20

I am using pandas.rolling_apply to fit data to a distribution and get a value from it, but I need it also report a rolling goodness of fit (specifically, p-value). Currently I'm doing it like this:

def func(sample):
    fit = genextreme.fit(sample)
    return genextreme.isf(0.9, *fit)

def p_value(sample):
    fit = genextreme.fit(sample)
    return kstest(sample, 'genextreme', fit)[1]

values = pd.rolling_apply(data, 30, func)
p_values = pd.rolling_apply(data, 30, p_value)
results = pd.DataFrame({'values': values, 'p_value': p_values})
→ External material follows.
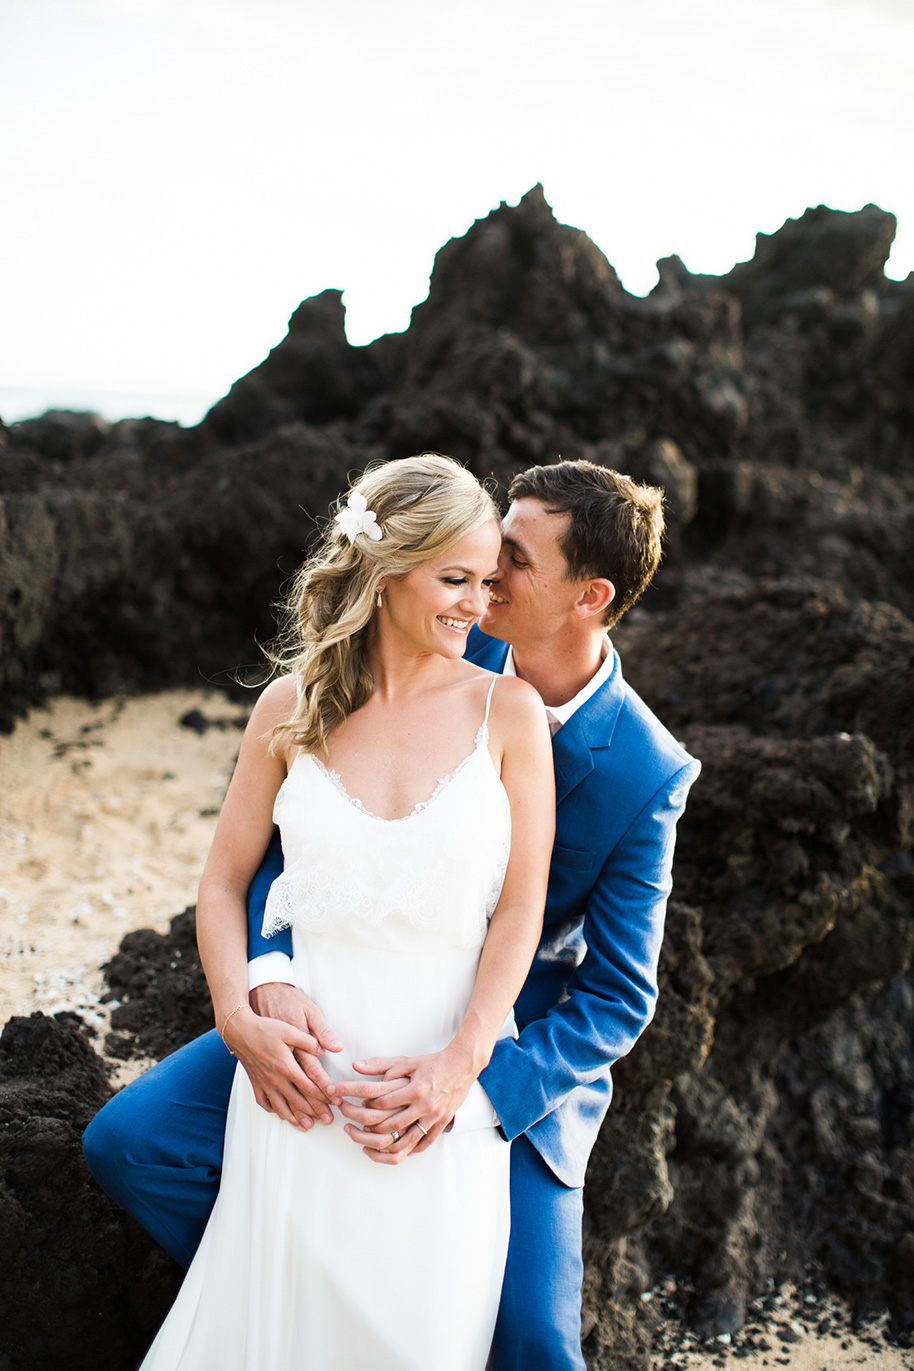 Maui-Wedding-060216-15

The problem is that I have a lot of data, and the fit function is expensive, so I don't want to call it twice for every sample. What I'd rather do is something like this:

def func(sample):
    fit = genextreme.fit(sample)
    value = genextreme.isf(0.9, *fit)
    p_value = kstest(sample, 'genextreme', fit)[1]
    return {'value': value, 'p_value': p_value}

results = pd.rolling_apply(data, 30, func)

Where results is a DataFrame with two columns. If I try to run this, I get an exception: TypeError: a float is required. Is it possible to achieve this, and if so, how?

aquavitae
  • 17,414
  • 11
  • 63
  • 106
  • Does it work if you return a Series rather than a dict? – Andy Hayden Mar 06 '14 at 08:11
  • @AndyHayden No, That gives `TypeError: cannot convert the series to ` – aquavitae Mar 06 '14 at 08:12
  • see this question http://stackoverflow.com/questions/19121854/using-rolling-apply-on-a-dataframe-object – Jeff Mar 06 '14 at 11:08
  • 1
    @Jeff That's a different question. That's about taking in two inputs. This question about is about giving 2 outputs. – RAY May 12 '16 at 01:55
  • 1
    Has anyone given you a good answer yet? I can write my own more generic roller but would prefer if there's a standard solution to this. – RAY May 12 '16 at 01:56
  • this is not real well supported; you can just do your own loop – Jeff May 12 '16 at 02:05

4 Answers4

5

I had a similar problem and solved it by using a member function of a separate helper class during apply. That member function does as required return a single value but I store the other calc results as members of the class and can use it afterwards.

Simple Example:

class CountCalls:
    def __init__(self):
        self.counter = 0

    def your_function(self, window):
        retval = f(window)
        self.counter = self.counter + 1


TestCounter = CountCalls()

pandas.Series.rolling(your_seriesOrDataframeColumn, window = your_window_size).apply(TestCounter.your_function)

print TestCounter.counter

Assume your function f would return a tuple of two values v1,v2. Then you can return v1 and assign it to column_v1 to your dataframe. The second value v2 you simply accumulate in a Series series_val2 within the helper class. Afterwards you just assing that series as new column to your dataframe. JML

Antony
  • 5,414
  • 7
  • 27
  • 32
JML64
  • 51
  • 1
  • 3
5

I had a similar problem before. Here's my solution for it:

from collections import deque
class your_multi_output_function_class:
    def __init__(self):
        self.deque_2 = deque()
        self.deque_3 = deque()

    def f1(self, window):
        self.k = somefunction(y)
        self.deque_2.append(self.k[1])
        self.deque_3.append(self.k[2])
        return self.k[0]    

    def f2(self, window):
        return self.deque_2.popleft()   
    def f3(self, window):
        return self.deque_3.popleft() 

func = your_multi_output_function_class()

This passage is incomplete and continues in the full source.